Acumen’s work in the agriculture sector is led by deep on-the-ground experience in West Africa, East Africa, Pakistan and India. Working together, this sector team began to first focus on the issue of agricultural inputs. Our first investments in the agriculture sector — Jassar Farms and Western Seed — reflected this focus. Maize farmers in Kenya are five times less productive than their fellow farmers in Iowa, and dairy farmers in Pakistan produce over six times less milk than their counterparts in the US. Lack of access to inputs is one key driver behind this, and Western Seed, Jassar Farms and others are working to innovate on product development and distribution to help bridge the productivity gap.

As we built out our work in agricultural inputs, we came to understand that farmers do not necessarily adopt productivity improving inputs just because appropriate technology exists and is available. Farmers are often reluctant to make an investment in a new technology due to a skepticism that fair markets will purchase the agricultural goods that they produce. Many farmers sell to middlemen, and for years unscrupulous brokers have taken advantage of farmers — sometimes offering a price to farmers at their farm-gate that is three times lower than that being offered at the market center. These middlemen use the advantage of transportation and market pricing knowledge to put farmers in a price-taking situation. Farmers are in need of the cash, and they understand the risk of leaving crops and produce on the farm, so dominant logic often forces them to sell. Reflecting on this, our agriculture team began to explore how investments in innovative and responsible agricultural processors could help change the way markets work in rural communities. With investments in Gulu Agricultural Development Company in Uganda and GADCO in Ghana, we are seeing the potential to dramatically change the lives of thousands of smallholder farmers.

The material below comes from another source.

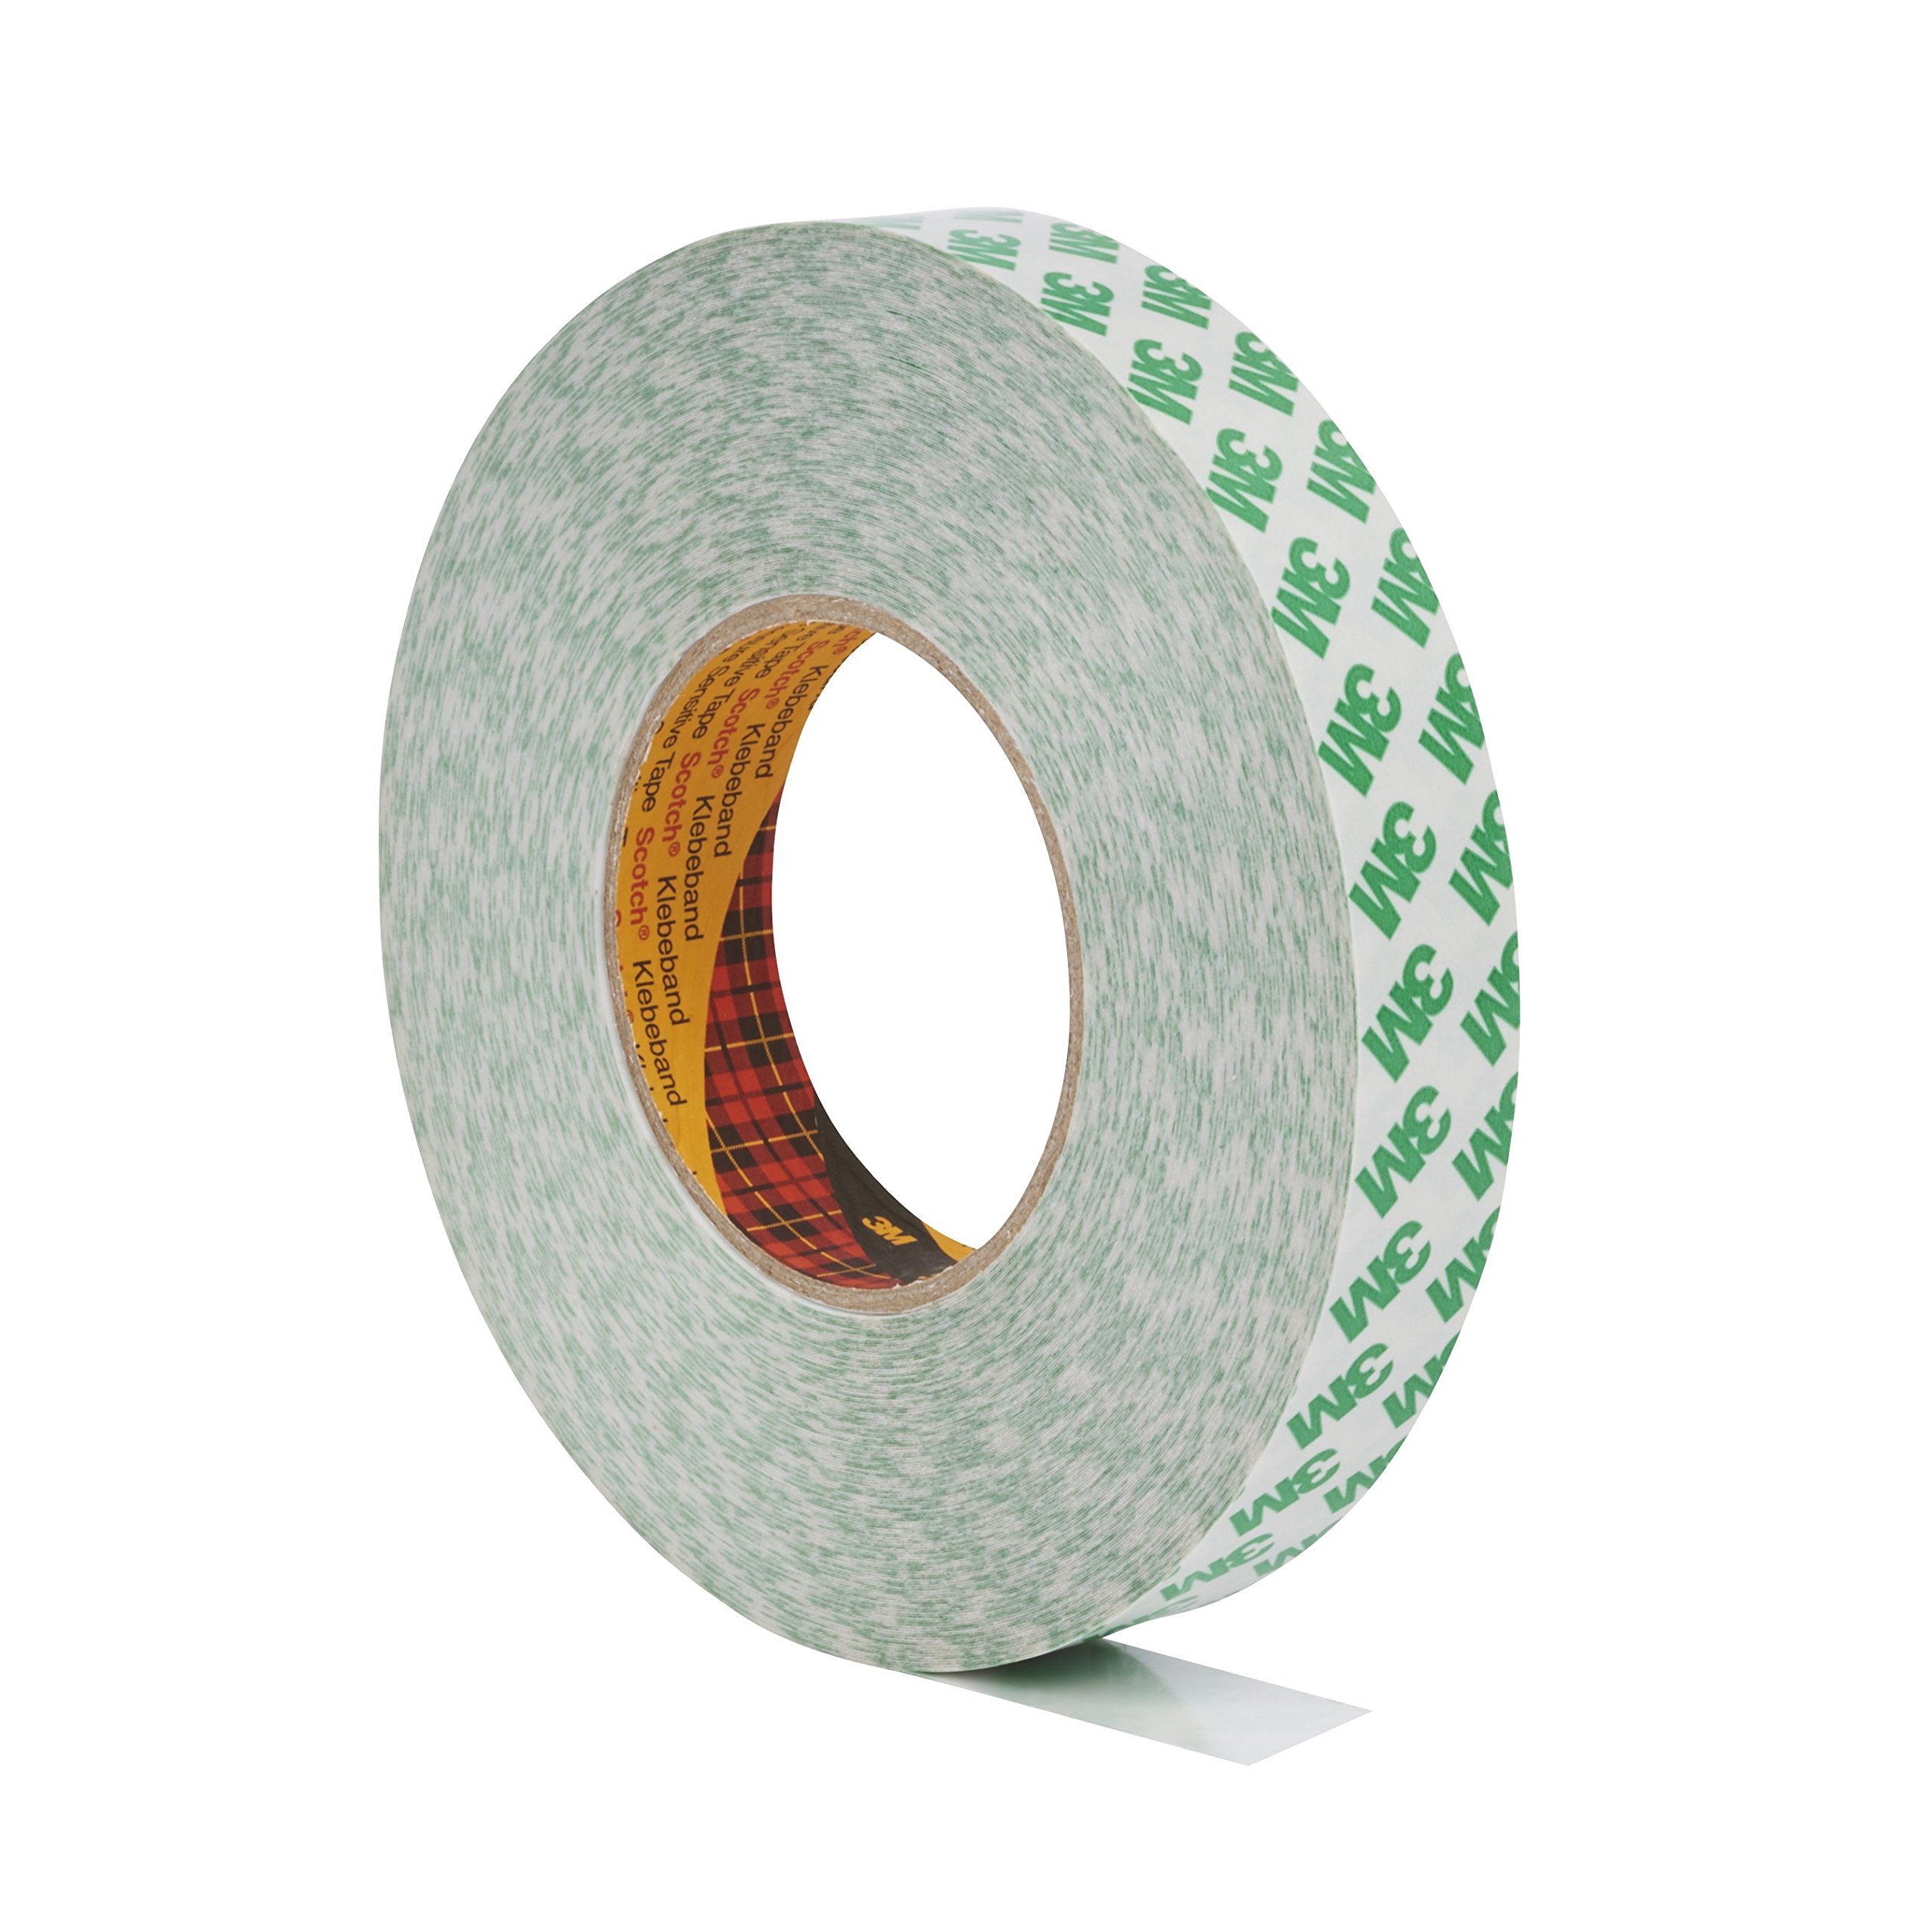 3M™ 9087 Double Coated Tape 19mm x 50m

In addition to agricultural inputs and agricultural markets, there are important cross-cutting business models that help to stitch together an effective agricultural value chain. Chief among these are access to finance and access to information. Acumen has also explored business models that provide farmers with the information to chose the right agricultural strategy, the financing to purchase inputs and agricultural assets, so that they can close the productivity gap and access responsible markets for their produce. Acumen has made investments in Juhudi Kilimo (Kenya) and NRSP (Pakistan) that are helping to change the way that farmers access capital and assets, and we are seeking to explore investments in the agricultural extension space as well.

Moving forward, Acumen will continue to seek investment opportunities in the agricultural inputs, agricultural processing, and livestock value chains, as well as other cross-cutting technologies such as financial services at agriculturally oriented IT business models. Agriculture has been one of Acumen’s fastest growing portfolios in recent years, and we are excited to continue this growth in the years to come.